No effect of omeprazole metabolites on gastric acid secretion was found.

Special patient groups

Liver dysfunction

The metabolism of omeprazole is impaired in patients with hepatic impairment, leading to an increase in AUC. Omeprazole did not show a tendency for accumulation when administered once daily.

Kidney dysfunction

The pharmacokinetics of omeprazole, including systemic bioavailability and elimination rate, are not altered in patients with renal impairment.
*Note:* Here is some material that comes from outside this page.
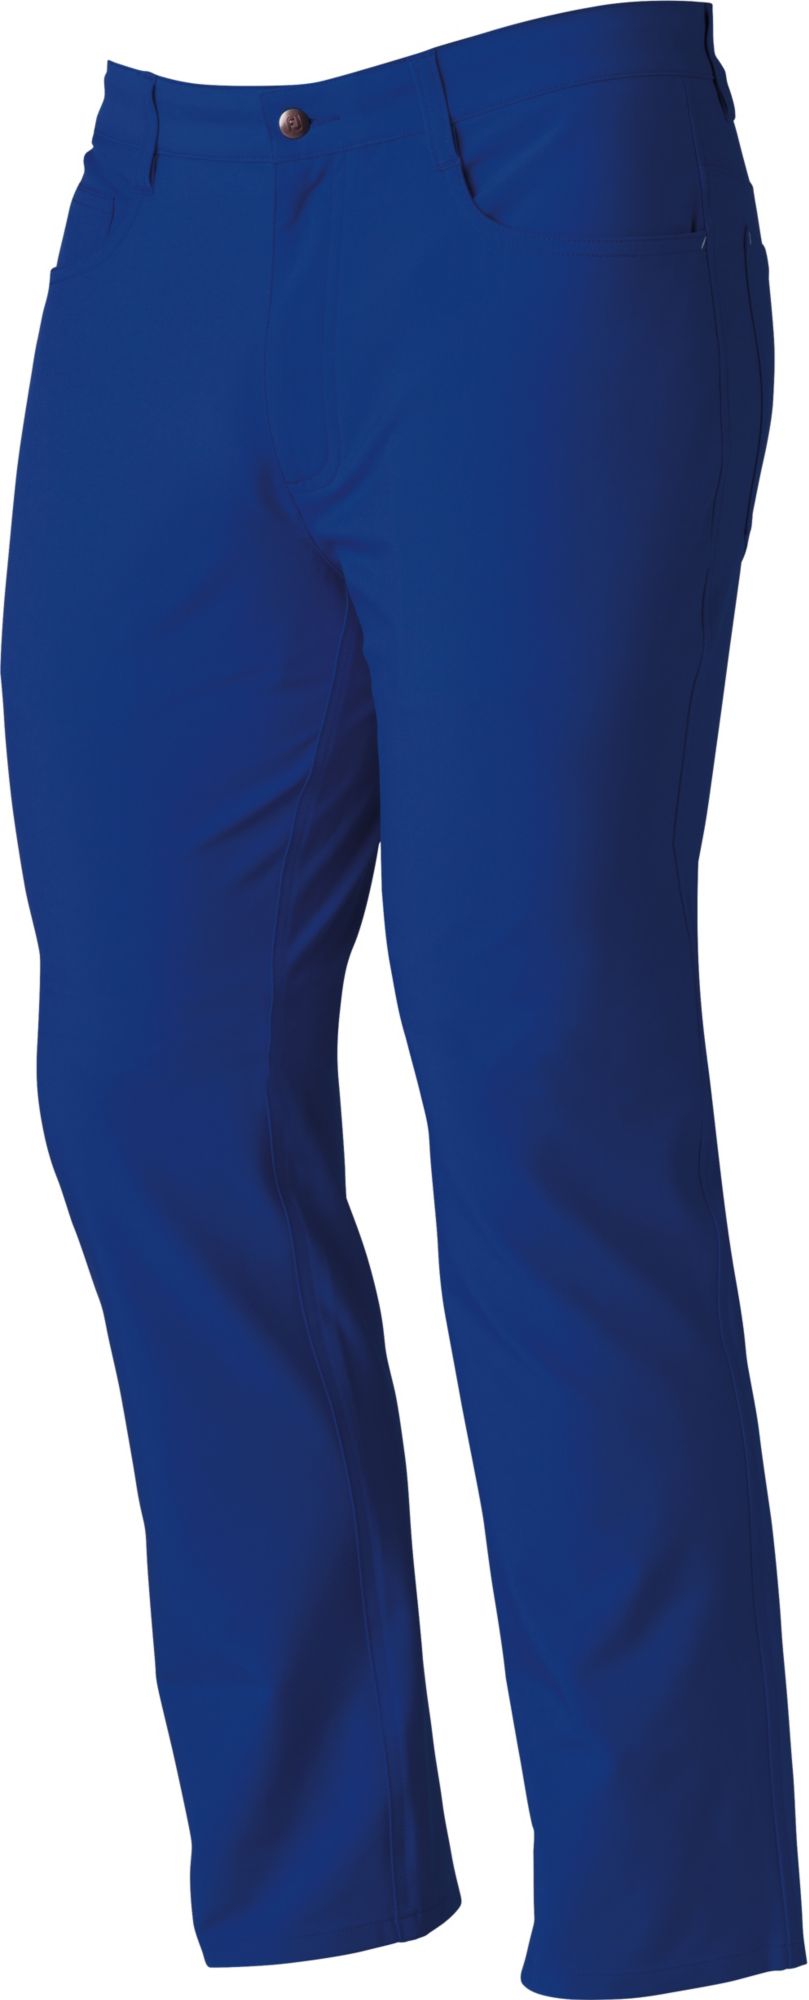 Men's Golf Pants | DICK'S Sporting Goods

The metabolic rate of omeprazole is slightly reduced in elderly patients (75–79 years).

Children

When treating children aged 1 year and older with the recommended doses, plasma concentrations were similar to those observed in adult patients. In children aged less than 6 months, the clearance of omeprazole is reduced due to a lower capacity to metabolize omeprazole.

Indication

Adults

– Treatment of duodenal ulcers;

– prevention of recurrence of duodenal ulcers;

– treatment of stomach ulcers;

– prevention of recurrence of stomach ulcers;

– in combination with appropriate antibiotics for the eradication of Helicobacter pylori (H. pylori) in peptic ulcer disease;

– treatment of NSAID-associated gastric and duodenal ulcers;

– prevention of NSAID-associated gastric and duodenal ulcers in patients at risk;

– treatment of reflux esophagitis;

– long-term treatment of patients with cured reflux esophagitis to prevent relapse;

– treatment of symptomatic gastroesophageal reflux disease;

– treatment of Zollinger-Ellison syndrome.

Children

Children aged 1 year and over and weighing ≥ 10 kg

- Treatment of reflux esophagitis;

- symptomatic treatment of heartburn and acid regurgitation in gastroesophageal reflux disease.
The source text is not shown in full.